To schema or not to schema... deciding on a foundation for our analytics engine

burke · August 21, 2020, 1:06pm

@bashir shared a vision of Analytics on FHIR in a previous post. Since then, we’ve had some ongoing discussions in Analytics Engine Squad meetings regarding the schema to use.

Do we need a schema for our data warehouse?

We have had several efforts to use a traditional data warehouse approach (e.g., star schema) over the past decade or more, using Birt, Pentaho, and other/custom approaches. This traditional data warehouse approach works well when the data model and the questions to answer are known. We have neither of these. Our data model for analytics within OpenMRS isn’t the relational database model, but the data model of clinical data represented by our concept dictionary. Both this model and the questions to be answered are in constant motion. For this reason, tools that don’t depend on a fixed schema – e.g., Apache Lucene-based tools for indexing documents like Elasticsearch – are appealing.

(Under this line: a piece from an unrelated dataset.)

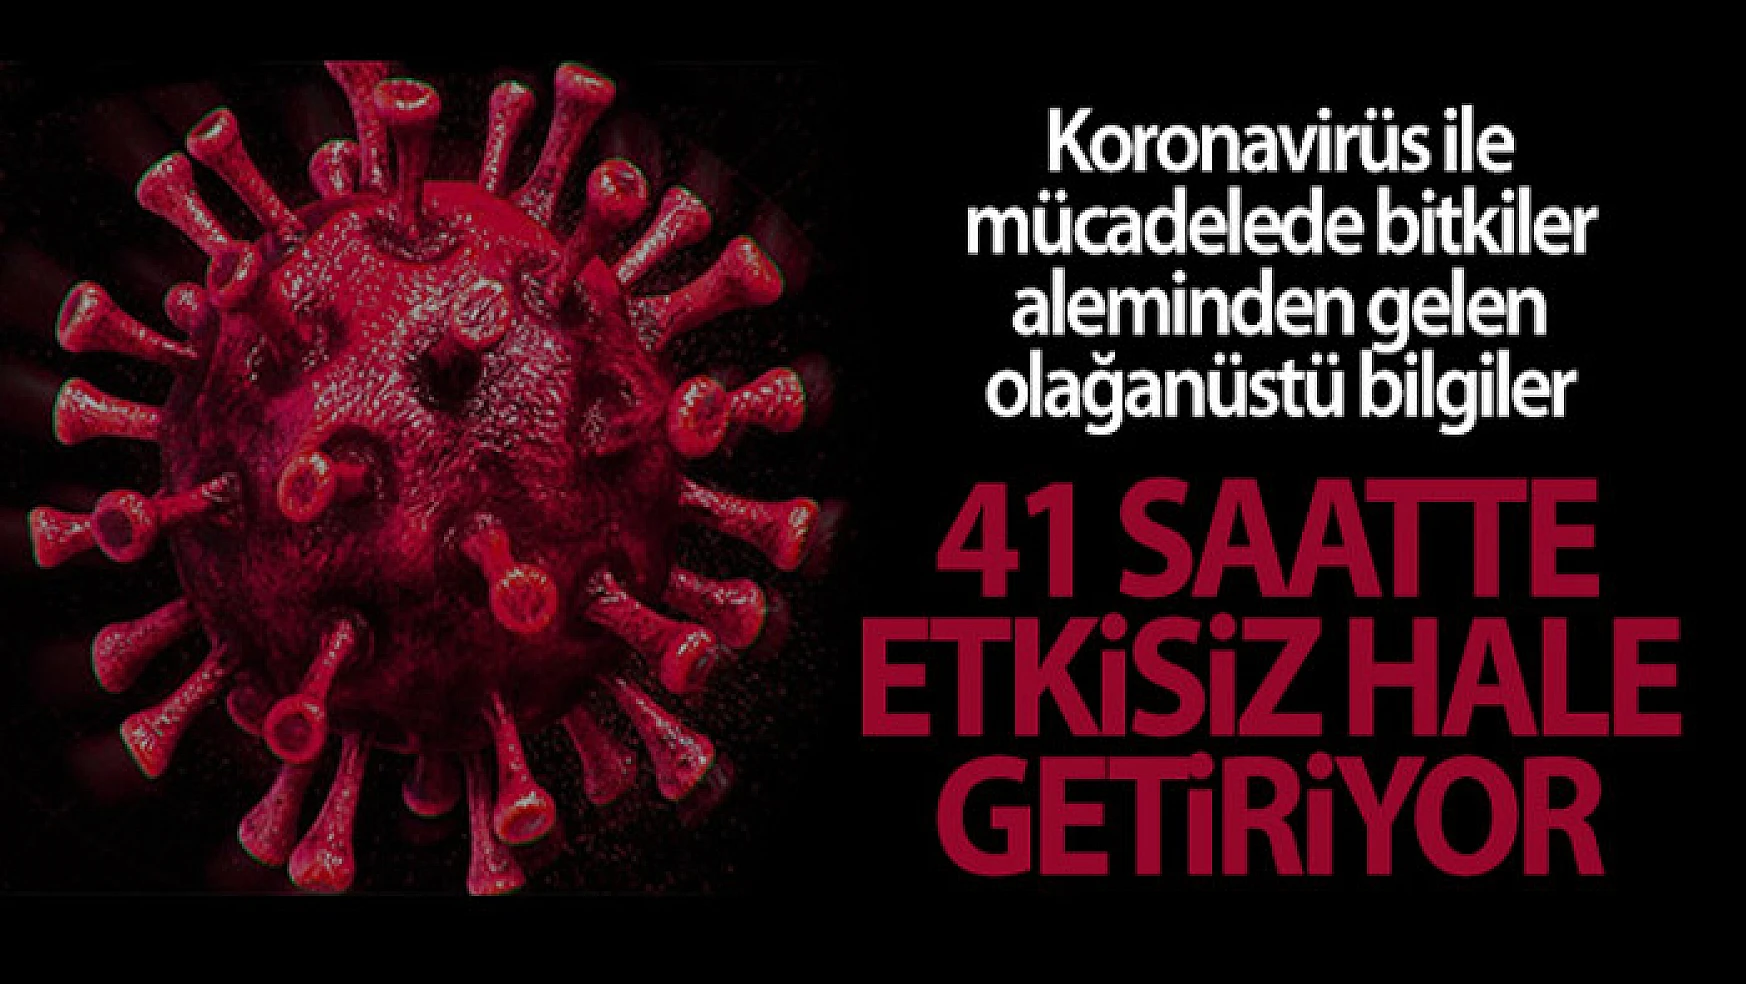 Korana virüsüne karşı kritik çözüm: 41 saatte etkisiz hale getiriyor
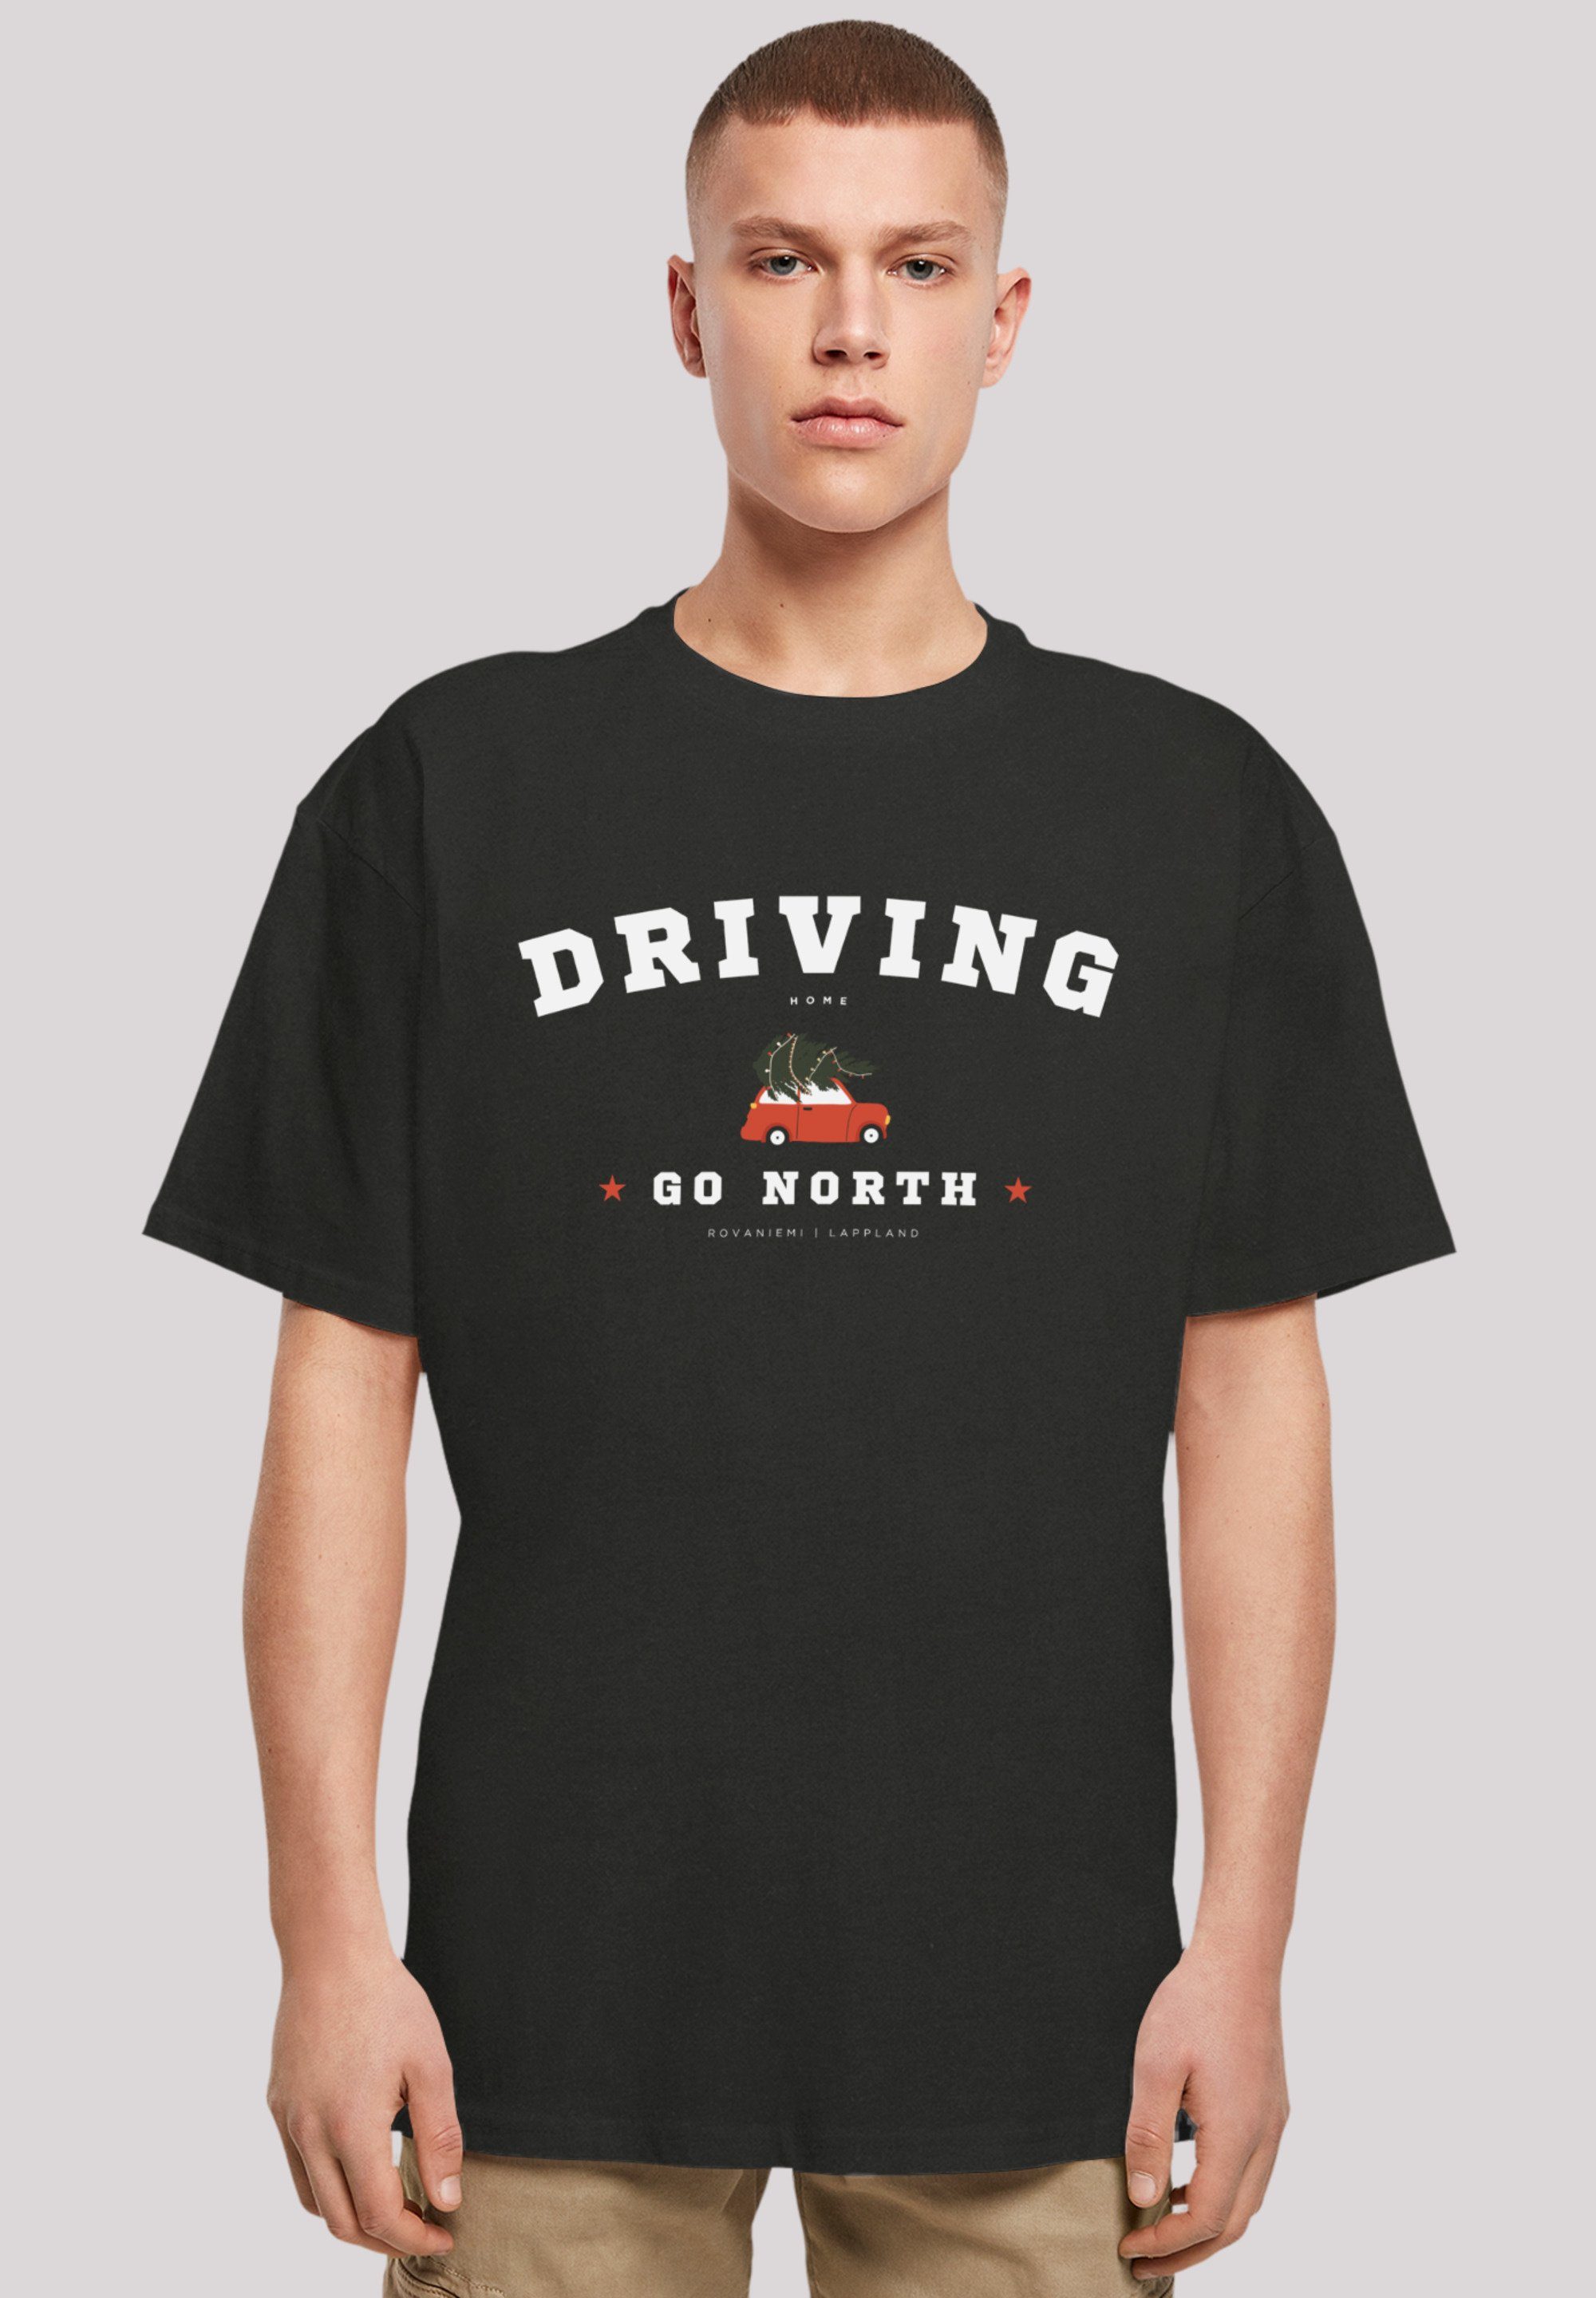 Home Geschenk, T-Shirt Driving schwarz Weihnachten F4NT4STIC Weihnachten, Logo

@bashir, does your approach depend on coercing content into a FHIR SQL schema? Or is it possible to use documents (e.g., JSON) at the heart of the engine, focusing on coercing data into FHIR format, but not requiring a specific relational database schema to describe our universe? I assume a FHIR schema would not be adequate for data used by OpenMRS that is out of FHIR’s scope and would force us to come up with an alternative approach for non-FHIR and implementation-specific data.

ssmusoke · August 21, 2020, 1:36pm

How about a middle ground that provides a path to both approaches

A defined schema for OpenMRS, with the process to generate that schema, which allows users to generate their own custom schemas or FHIR

It is important to be able to generate this at each installation site, and to aggregate the data across multiple sites

This can also provide a simplified interface for both reporting and clinical decision support (patient flags + data validation rules)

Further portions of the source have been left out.